Unfortunately, the leadership of the labor movement, of the African-American community and other Communities of Color, and even challenger candidate Senator Bernie Sanders, have chosen the route of “defeat Trump at all costs” and are calling on working people to vote for Secretary Clinton. Polls have indicated that while most Sanders voters will likely vote for Clinton; the campaign activists, those who phone-banked, canvassed, and fund-raised for Sanders, are not coming around to support Clinton in the numbers that the Democratic leaders had hoped. It was visible at the Democratic convention in Philadelphia, where anti-Clinton street marches brought together hundreds of people, including Sanders delegates who had walked out of the convention. The Democratic National Committee did its best to stage manage its convention so that those protests were invisible, but they had limited success.
The largest independent electoral initiative—not counting the right-wing Libertarian party—is the Green party, whose candidates are Dr. Jill Stein for President and Ajamu Baraka for Vice President. Various polls show Green support at between four and eight percent, considerably higher than the support that the Green party received in 2012. Any social-justice trade unionist would react favorably to the Green party’s platform. It is broadly pro-labor; it supports racial justice—including Black Lives Matter; it opposes hydraulic fracturing (fracking) for fossil-fuel extraction, as well as nuclear power for generating electricity. It opposes war and U.S. intervention into the affairs of other countries—and includes opposition to the continued Israeli occupation of Palestinian Arab territory. This platform was developed by good people who got together on this programmatic basis, and there is nothing inherently wrong with that. But what we need today is a political party that represents the organized working people, through their own organizations, the trade unions. It is up to social-justice-minded trade unionists to fight within the unions for the perspective of a new political party, rather than trying to use one of the big business parties in a vain attempt to win a few concessions. The Green party and other independent electoral alternatives can and must be a part of the process of developing the massive party that is so desperately needed. Dr. Stein herself set a good example during July when she invited Senator Sanders to join the Green ticket (imagine if he had agreed!). The Communities of Color, and especially the Black Lives Matter movement, are indispensable to the independent political action that is needed, as are the hundreds of thousands of young people who flocked to the Bernie Sanders campaign and are now feeling betrayed and disillusioned.

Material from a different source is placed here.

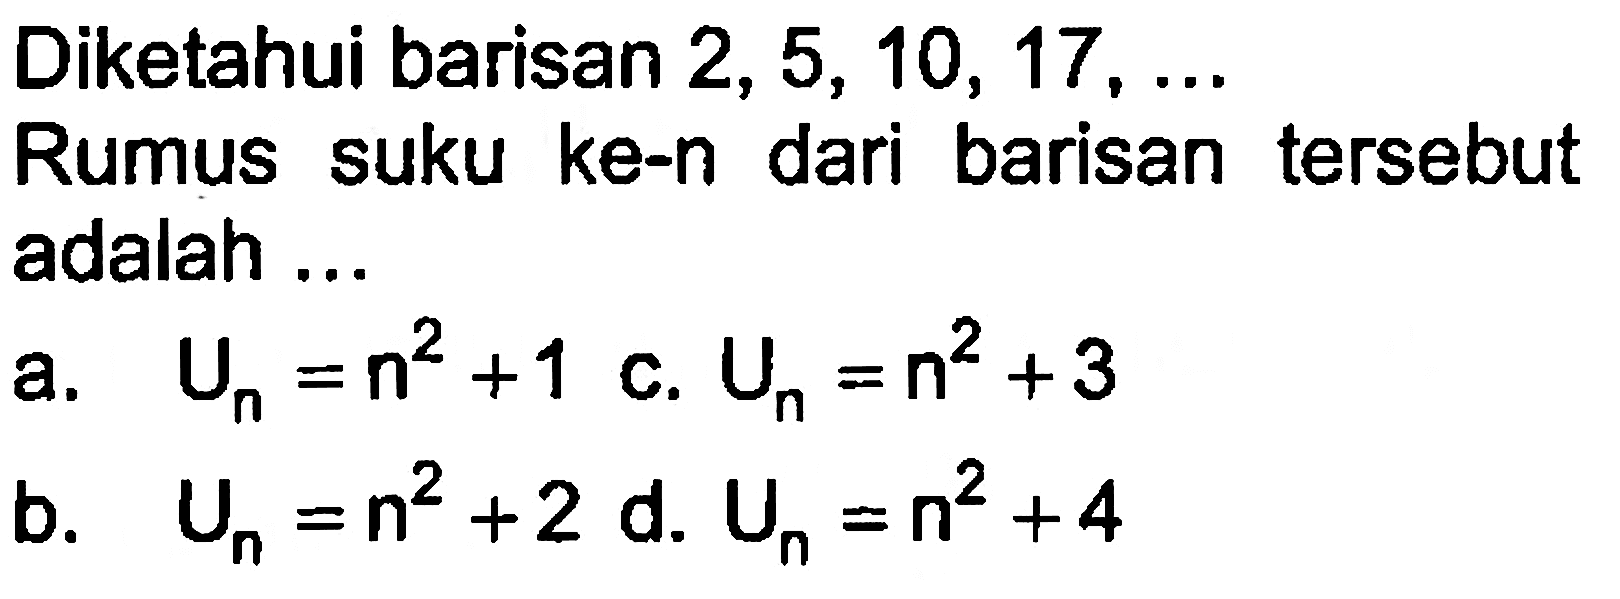 Diketahui barisan 2, 5, 10, 17, ... Rumus suku ke-n dari barisan tersebut adalah ... a. U_n = n^2 + 1 b. U_n = n^2 + 2 c. U_n = n^2 + 3 d. U_n = n^2 + 4

The strategy of relying on the Democratic party to represent the interests of working people and our community allies has again proved to be a losing strategy. A united effort by the social-justice wing of the labor movement, by the Black, Latino, Native American communities and other Communities of Color, by the young, by women, and by the Lesbian, Gay, Bisexual, Transgender, and Queer communities, to forge a new political party which can represent the 99% in upcoming elections is on the immediate agenda. It’s going to take us all.